EXERCISE MATERIAL:

—————

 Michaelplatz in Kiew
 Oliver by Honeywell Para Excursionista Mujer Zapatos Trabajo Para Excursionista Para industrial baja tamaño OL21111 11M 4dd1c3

—————

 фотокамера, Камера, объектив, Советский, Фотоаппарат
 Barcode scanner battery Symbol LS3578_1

—————

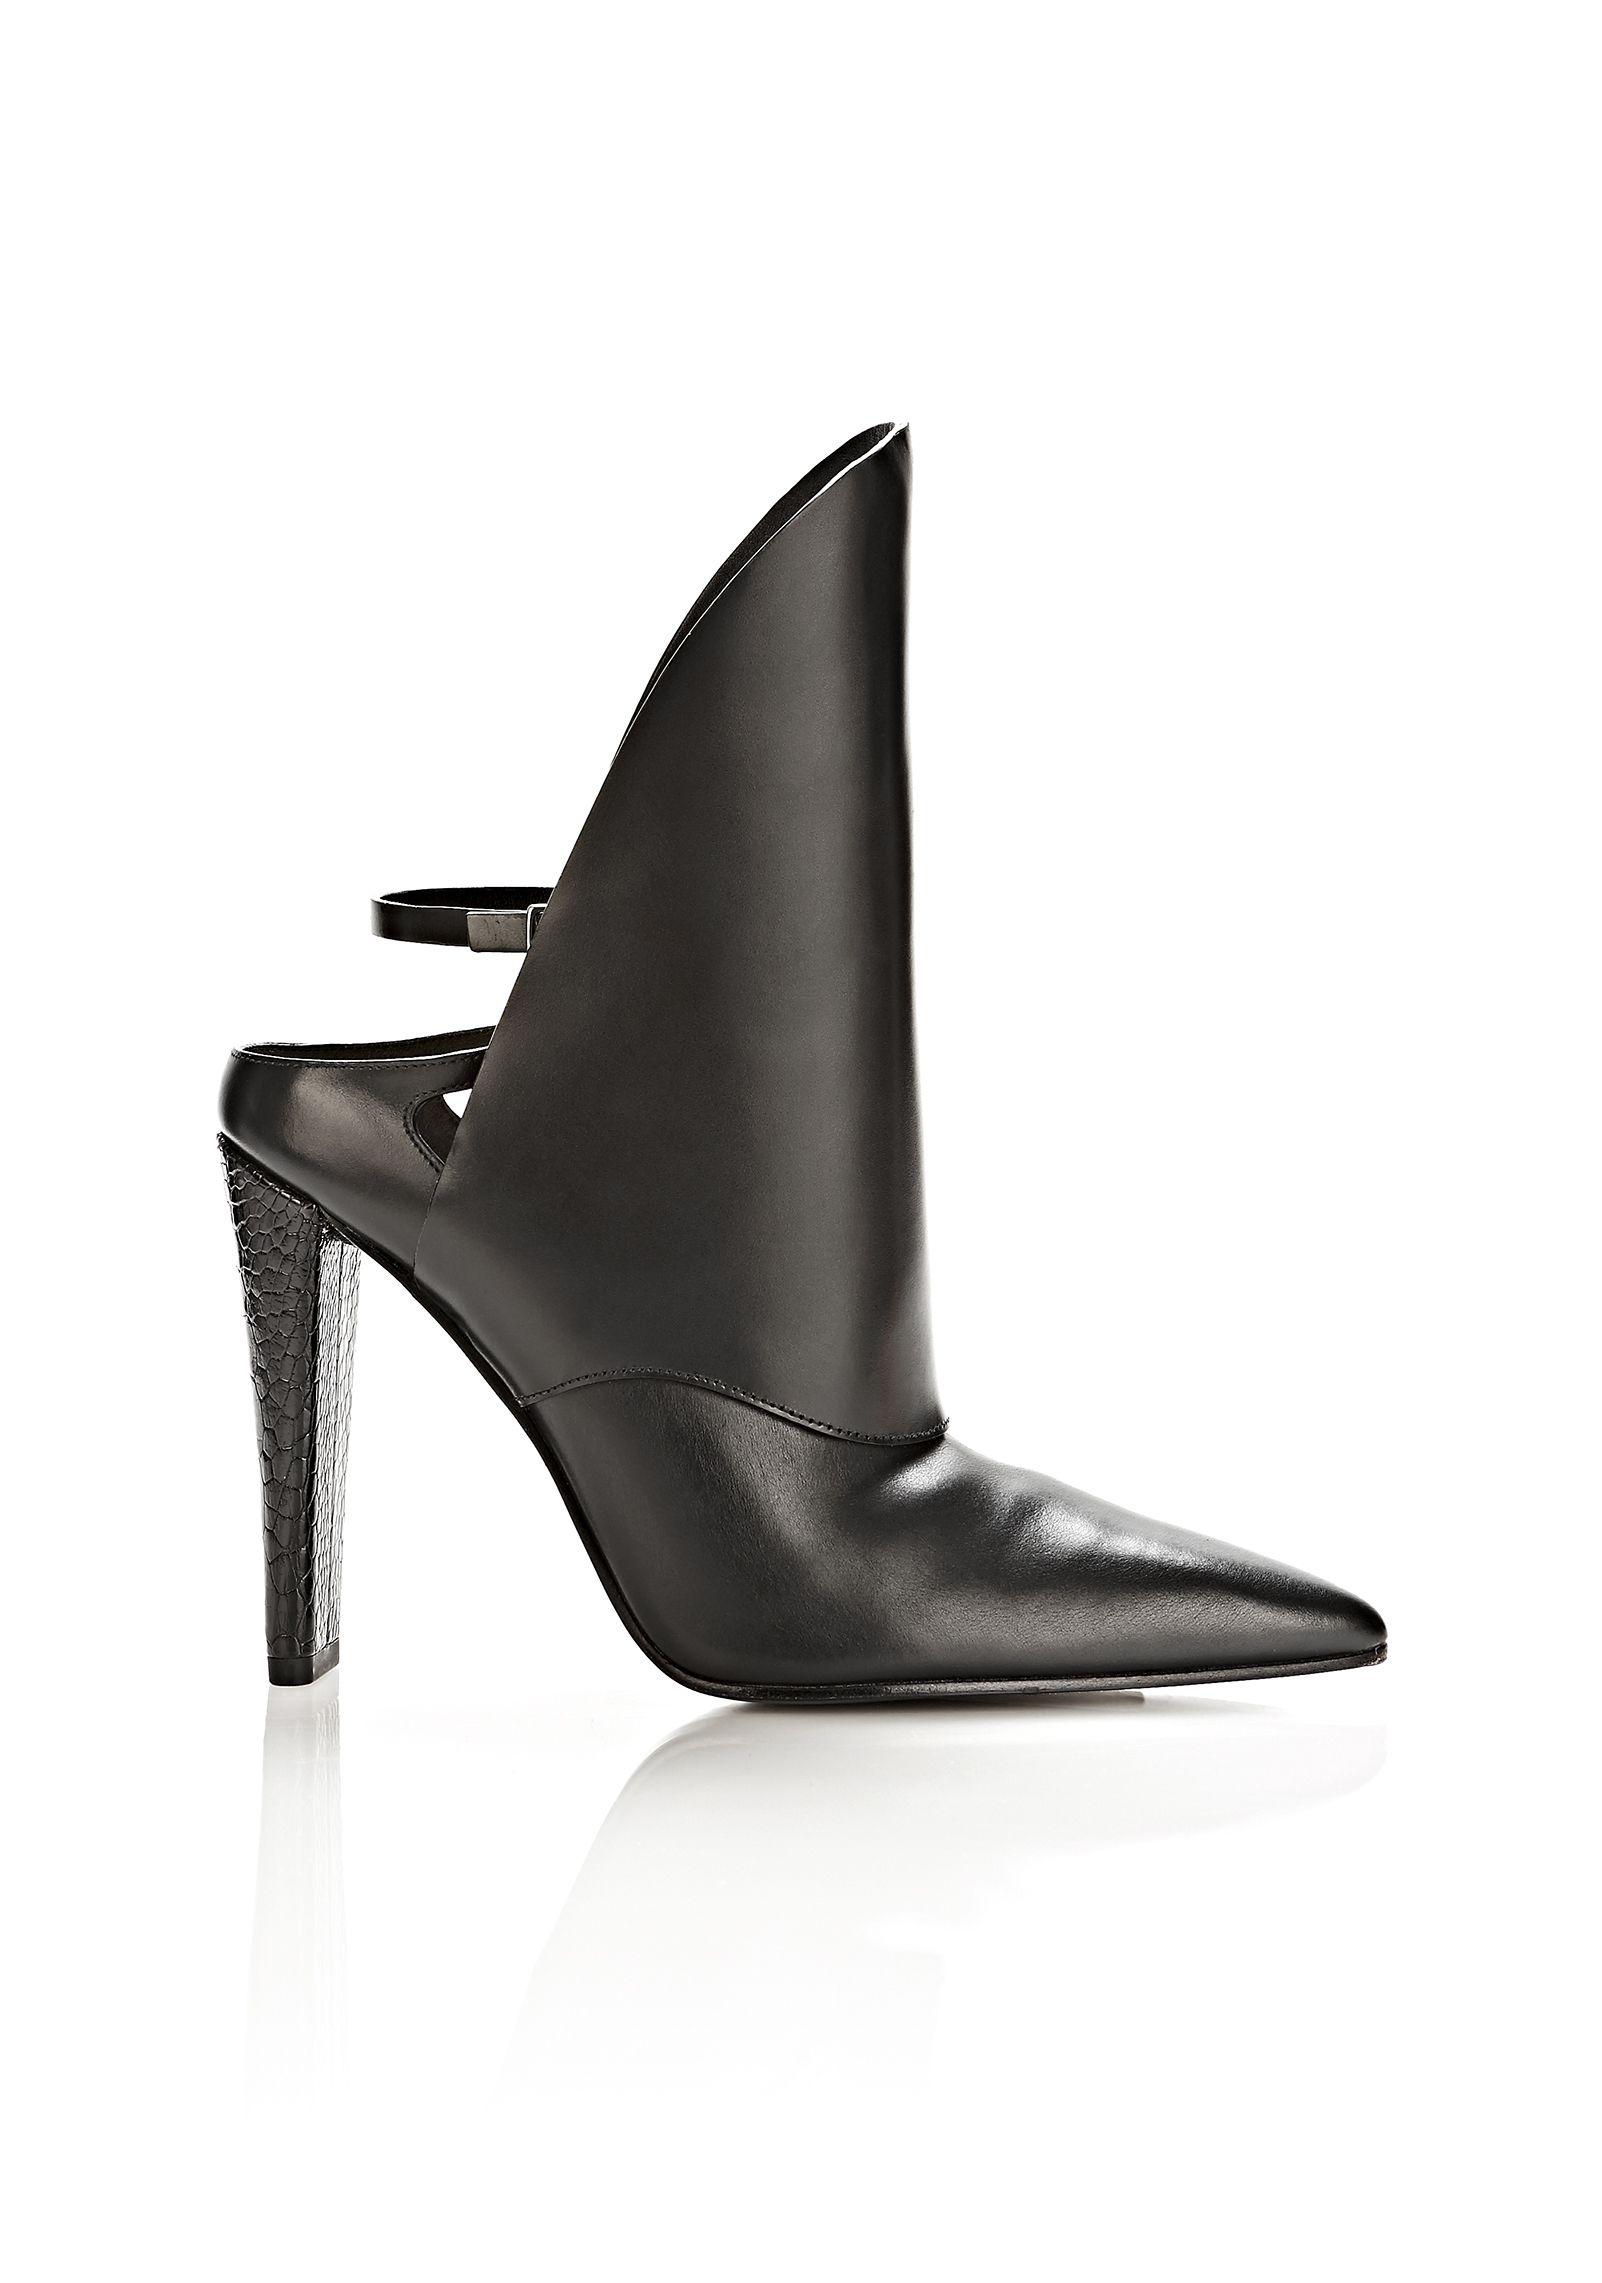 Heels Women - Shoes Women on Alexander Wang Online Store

—————

WHAT IS REQUIRED:
Please reproduce exactly the lines in the listing above from the one containing "Michaelplatz in Kiew" through the one containing "Oliver by Honeywell", both included, and nothing more.

REPLY TO THE TASK:
 Michaelplatz in Kiew
 Oliver by Honeywell Para Excursionista Mujer Zapatos Trabajo Para Excursionista Para industrial baja tamaño OL21111 11M 4dd1c3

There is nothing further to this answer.